AT&T planta cara a Starlink: su CEO responde a los miedos de los inversores

El consejero delegado de AT&T sale al paso de las preocupaciones sobre la competencia de Starlink tras presentar unos resultados trimestrales que superaron expectativas.
AT&T ha dado un golpe sobre la mesa. La compañía con sede en Dallas presentó ayer sus resultados del segundo trimestre, y las cifras gustaron: ingresos de 31.560 millones de dólares, un 2,3% más que el año anterior, superando con holgura lo que esperaban los analistas. La reacción en bolsa no se hizo esperar y las acciones de la teleco extendieron las ganancias en la sesión del miércoles.
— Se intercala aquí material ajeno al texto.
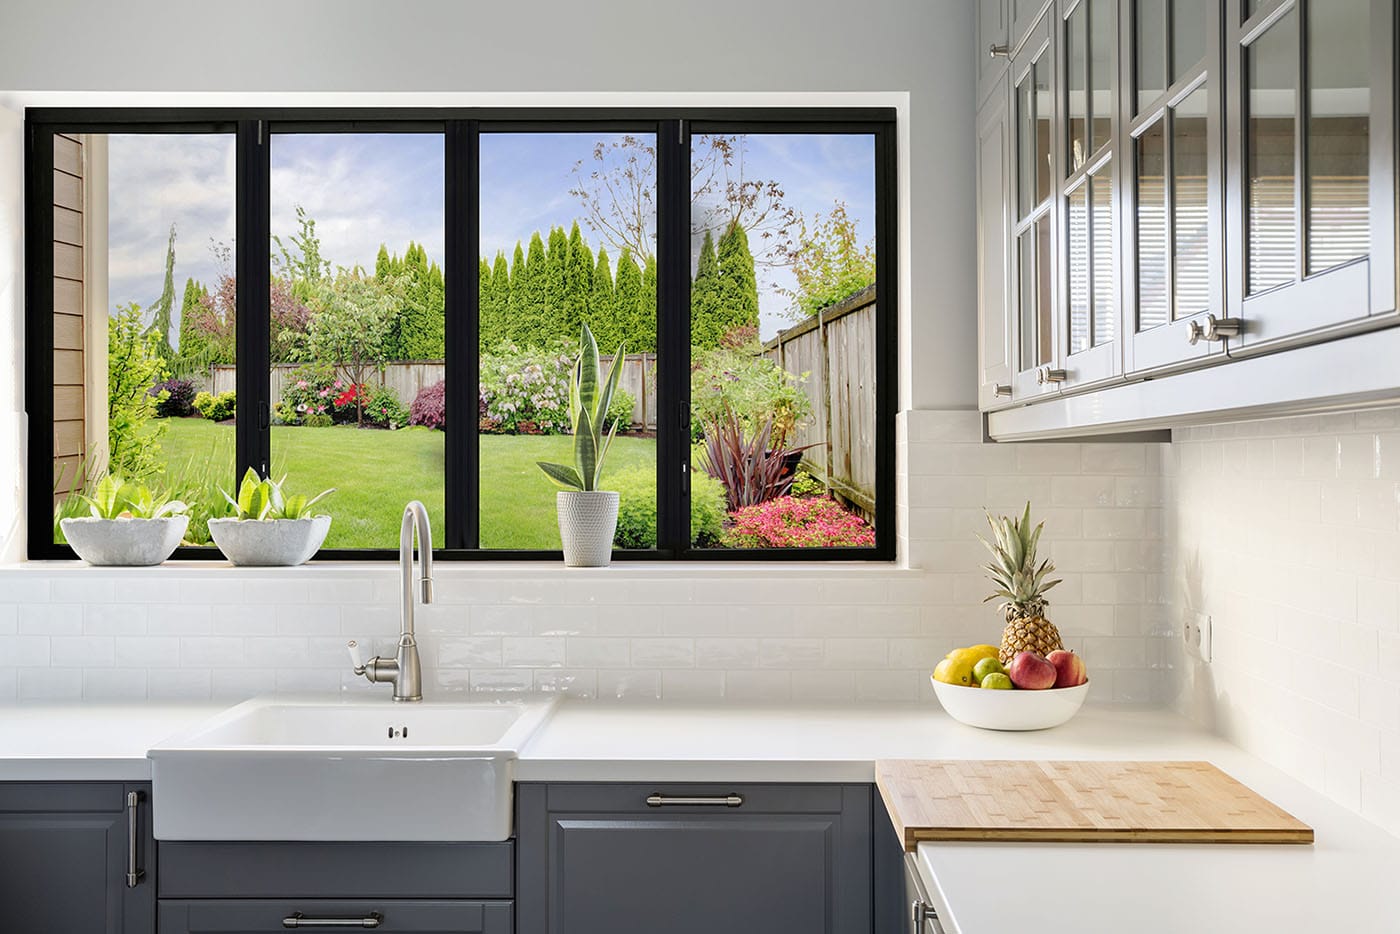 kitchen serving window design

Pero más allá de los números, lo que centró la atención fue la llamada con analistas. En un momento en que el mercado mira con lupa la amenaza que representan los satélites de órbita baja para el negocio de banda ancha tradicional, el CEO de AT&T, John Stankey, dedicó parte de su intervención a calmar los ánimos. Sin mencionar directamente a Starlink, el proyecto de SpaceX que ya ofrece internet satelital a consumidores, Stankey defendió la fortaleza de la fibra óptica y el 5G frente a las soluciones espaciales.
El mensaje fue claro: la tecnología satelital tiene su nicho, sobre todo en zonas rurales donde no llega el cable, pero no es un sustituto competitivo en entornos urbanos o suburbanos densamente poblados. La latencia, la capacidad y la fiabilidad de una conexión por fibra siguen siendo muy superiores, argumentó. Además, AT&T está invirtiendo fuerte en expandir su propia red de fibra, con el objetivo de llegar a 30 millones de hogares y empresas para finales de 2025.
Los inversores llevaban meses preguntándose si el despliegue masivo de constelaciones de satélites como Starlink podría erosionar la base de clientes de banda ancha de las telecos tradicionales. La respuesta de Stankey no solo buscó disipar esos temores, sino también poner en valor la estrategia a largo plazo de AT&T: centrarse en la conectividad de alta velocidad y baja latencia que demandan las aplicaciones del futuro, desde el teletrabajo hasta el metaverso.
En definitiva, AT&T ha querido dejar claro que no se va a quedar de brazos cruzados. Sigue apostando por su infraestructura terrestre mientras vigila de cerca los movimientos en el cielo. La batalla por el cliente está servida, pero por ahora, los resultados le dan la razón.
El análisis de Salseo
- La reacción del CEO no es solo postureo: AT&T está defendiendo su núcleo de negocio más rentable. La banda ancha por fibra tiene márgenes atractivos y una base de clientes que paga primas por velocidad, algo que el satélite aún no puede igualar en zonas densas.
- El verdadero campo de batalla no es la ciudad, sino las zonas rurales y suburbanas donde el despliegue de fibra es caro. Ahí Starlink sí es una amenaza real, y AT&T lo sabe. Su plan de expansión de fibra es una carrera contrarreloj para cerrar esa brecha antes de que el satélite se lleve a esos clientes.
- Para el inversor, la clave será vigilar dos cosas: el ritmo de adopción de Starlink en áreas donde AT&T ya ofrece fibra (si empieza a perder clientes ahí, sería una señal de alarma) y la ejecución del plan de despliegue de fibra de AT&T. Cualquier retraso o aumento de costes podría cambiar las tornas.